▶ [Task description]: Once you reach the line that holds "Bugatti-veyron-Cristiano-ronaldo-2016-01.jpg" in the listing below, output it and every line after it through the line that holds "Application: 2006-2007, No", word for word.

▶ [Task inputs]:
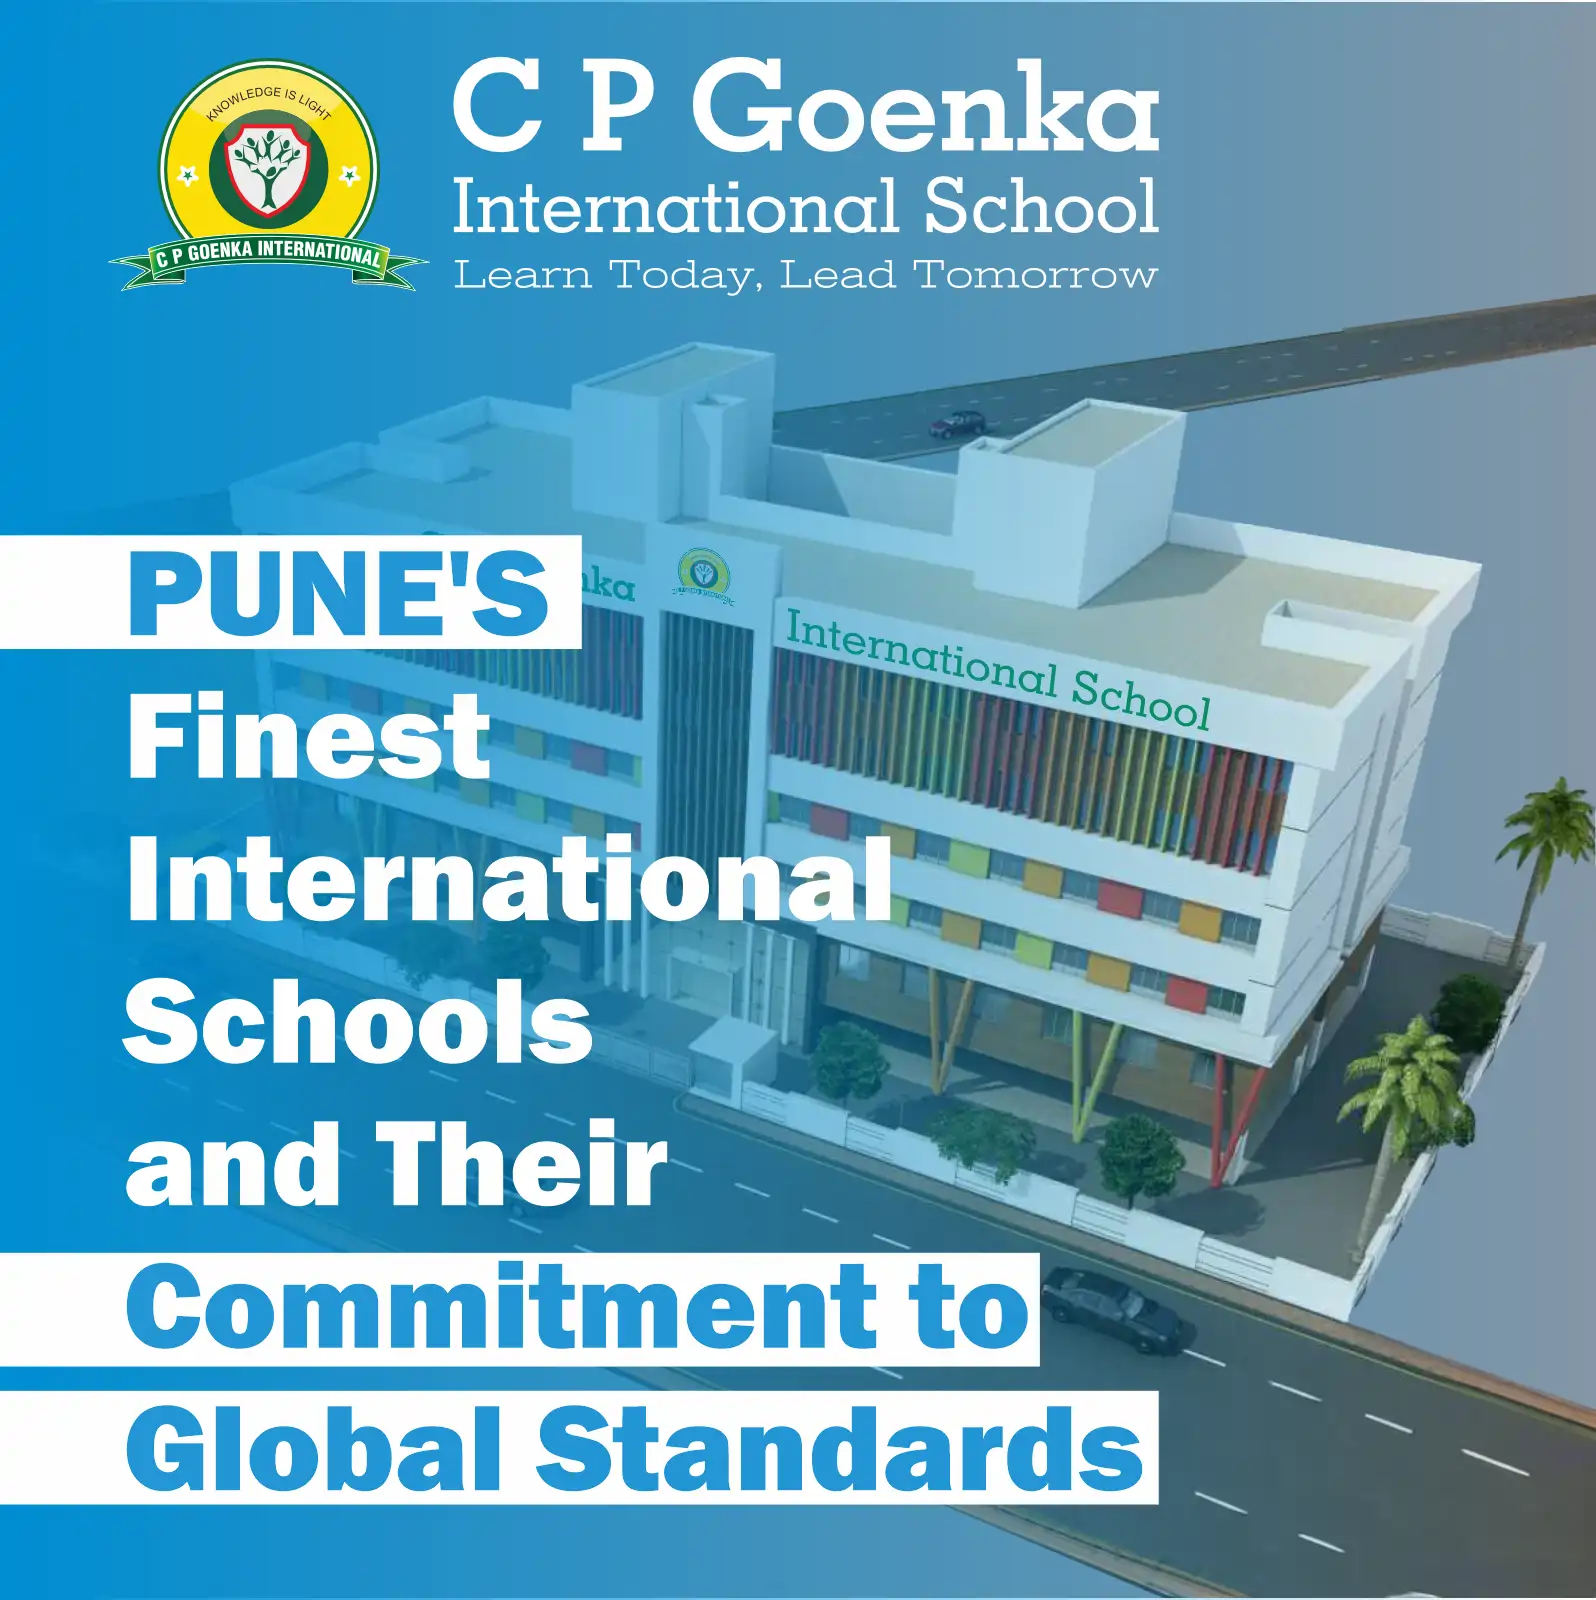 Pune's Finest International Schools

...

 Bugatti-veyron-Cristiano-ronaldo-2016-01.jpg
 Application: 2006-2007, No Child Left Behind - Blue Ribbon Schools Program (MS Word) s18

▶ [Solution to this problem]:
 Bugatti-veyron-Cristiano-ronaldo-2016-01.jpg
 Application: 2006-2007, No Child Left Behind - Blue Ribbon Schools Program (MS Word) s18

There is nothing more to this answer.